2 - Jared
« C'est dans la souffrance, l'échec et la perte qu'on voit le courage et la volonté.»
- Varel Tchitembo Tchissafou.
Tout le monde traverse des épreuves.
La souffrance n'épargne personne.
Mauvaise nouvelle, vous allez y être confronté, encore et encore, jusqu'à la douleur de trop, jusqu'au moment où votre dernière barrière sera tombée.
A cet instant-là, quand vous serez plus bas que terre, quand la sortie de ce trou dans lequel vous êtes tombés semblera si profond que vous ne percevrez même plus le soleil, vous aurez trois choix :
Abandonner définitivement.
Rester dans votre malheur.
Ou décider de vous en sortir, coûte que coûte.

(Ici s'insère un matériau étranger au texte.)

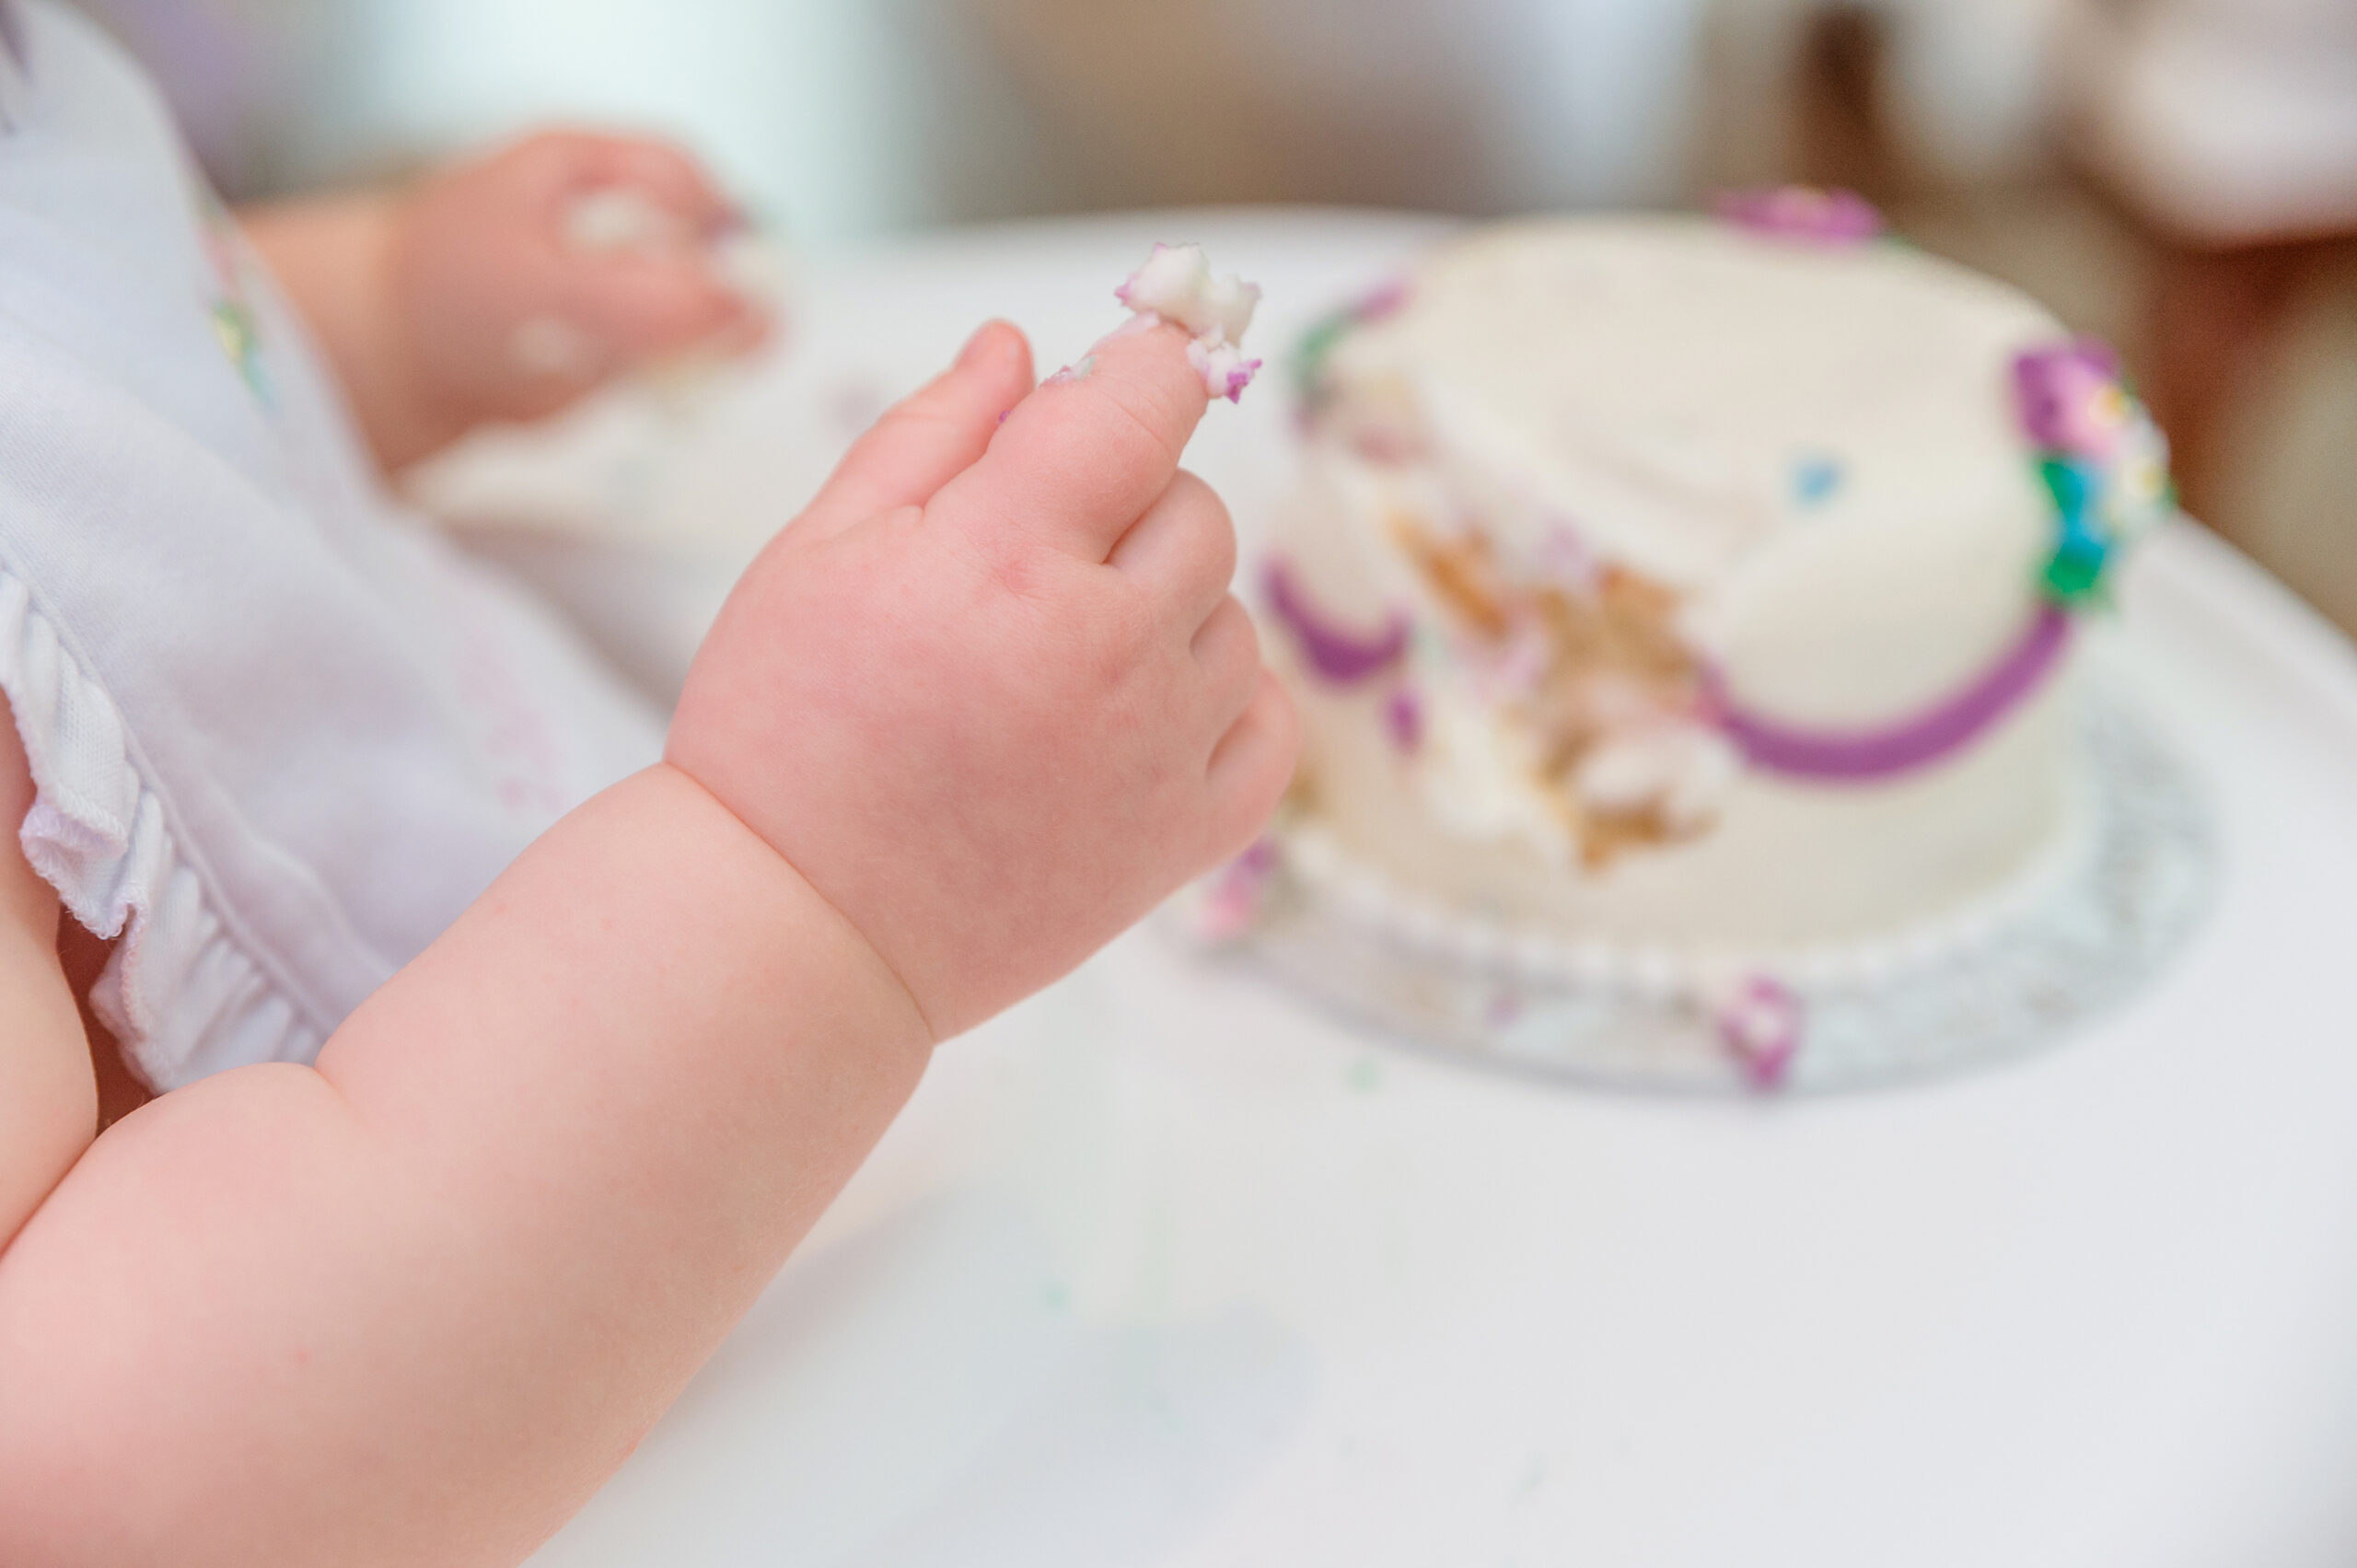 Baby hand covered in cake.

Je préfère vous avertir, la troisième option est la plus difficile. Vous risquerez de tomber pendant votre ascension, les chutes seront inévitables des fois. Rien ne sera gagné d'avance. Il faudra vous battre, peut-être tout perdre. Presque.

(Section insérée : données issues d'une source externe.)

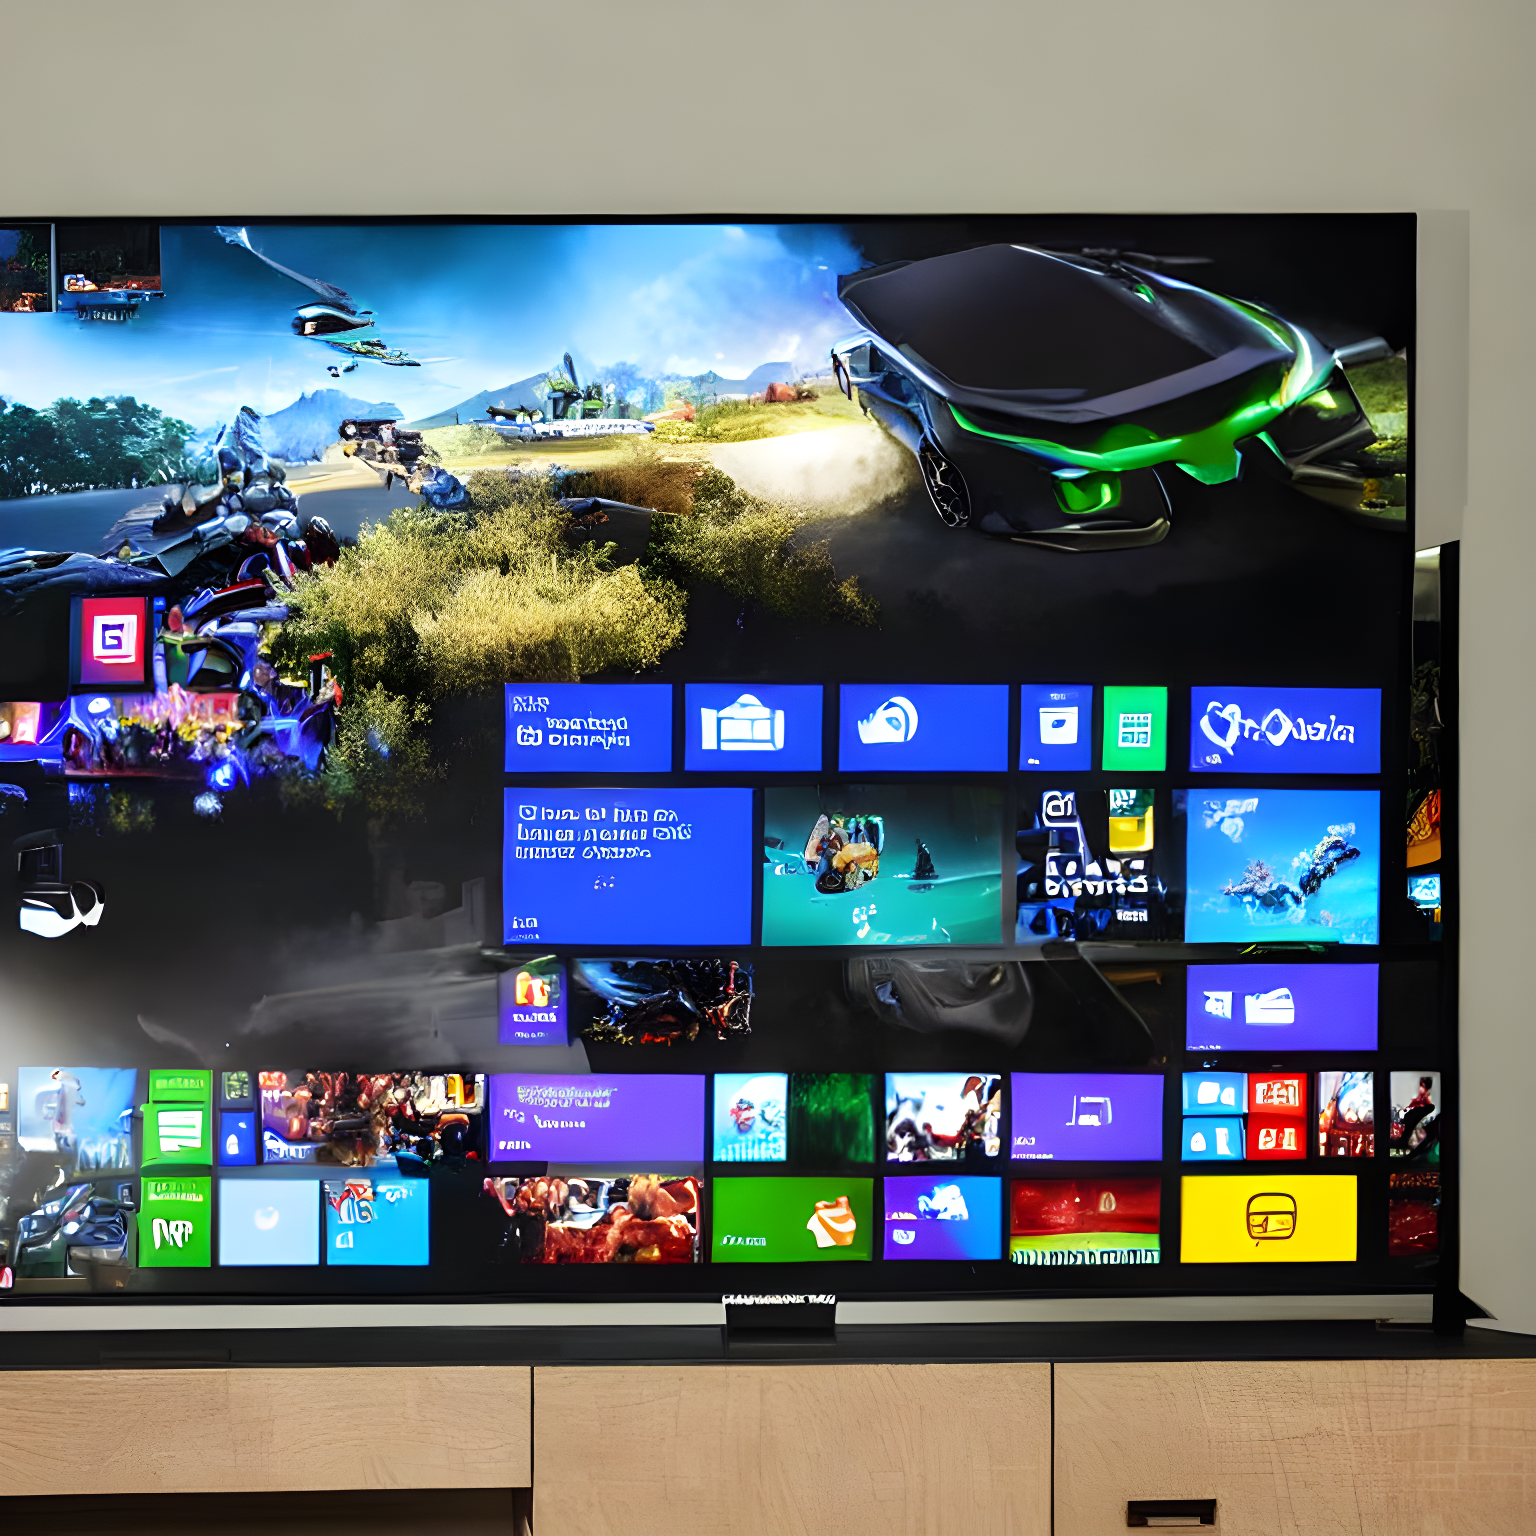 Microsoft's XBox playing on a large screen tv

Car au fond, tant qu'il reste de l'espoir, rien n'est perdu.
Il parait que le vrai courage est de partir se battre en se sachant perdant, mais d'y aller quand même.
Alors soyez courageux, soyez brave. Si personne n'est là pour croire en vous, faites le vous-même.
Et vous réussirez.
Je franchissais la porte du centre communautaire pour me diriger vers la salle où avait lieu les réunions de soutien. Plusieurs personnes me saluèrent en chemin, m'adressant des signes de tête ou de timides sourires.
– Bonsoir Jared, m'interpella Benny, l'organisateur, alors que j'entrais dans la pièce et refermais la porte derrière moi.
– Comment vas-tu, aujourd'hui ? s'exclama-t-il ensuite en venant me faire une accolade.
Je saluais joyeusement Benny et discutais quelques instant avec lui. Ce type était super, un vrai sain. Je l'appréciais énormément et ses inquiétudes sincères à mon égard étaient véritablement touchantes.
Voilà presque deux ans que je venais, chaque mercredi, me confier et écouter les histoires d'autrui. Au début, je me rendais aux réunions avec mon meilleur ami, Clyde. C'était lui qui m'avait poussé à y participer pour affronter mes addictions, dépasser ma colère et éloigner les démons du passé. Clyde n'avait pas eu une vie facile non plus, vraiment pas ; alors nous avions convenu d'y aller ensemble. Il était comme un frère pour moi, je l'aimais profondément et son soutien pendant les réunions m'était précieux . Néanmoins, depuis bientôt un an, il avait déménagé sur la côte Ouest avec sa copine pour élever leur bébé, mon adore filleul, donc maintenant je venais seul.
Je repensais à la photo que Clyde m'avait envoyé, quelques heures plutôt. Eleanor, sa copine, berçait le petit Thomas déguisé en renne pour ce début de mois de Décembre. Ils étaient tout deux adorables, à croquer. Cependant, même si j'étais véritablement ravi pour eux, une part de moi –une part que je détestais – ne pouvait s'empêcher de jalouser leur bonheur.
Moi aussi j'avais connu quelque chose comme ça, il y a bien longtemps.
– Il y a de nouveaux arrivants ? demandai-je à Benny en me rapprochant de la table où se trouvait les collations pour me prendre un café.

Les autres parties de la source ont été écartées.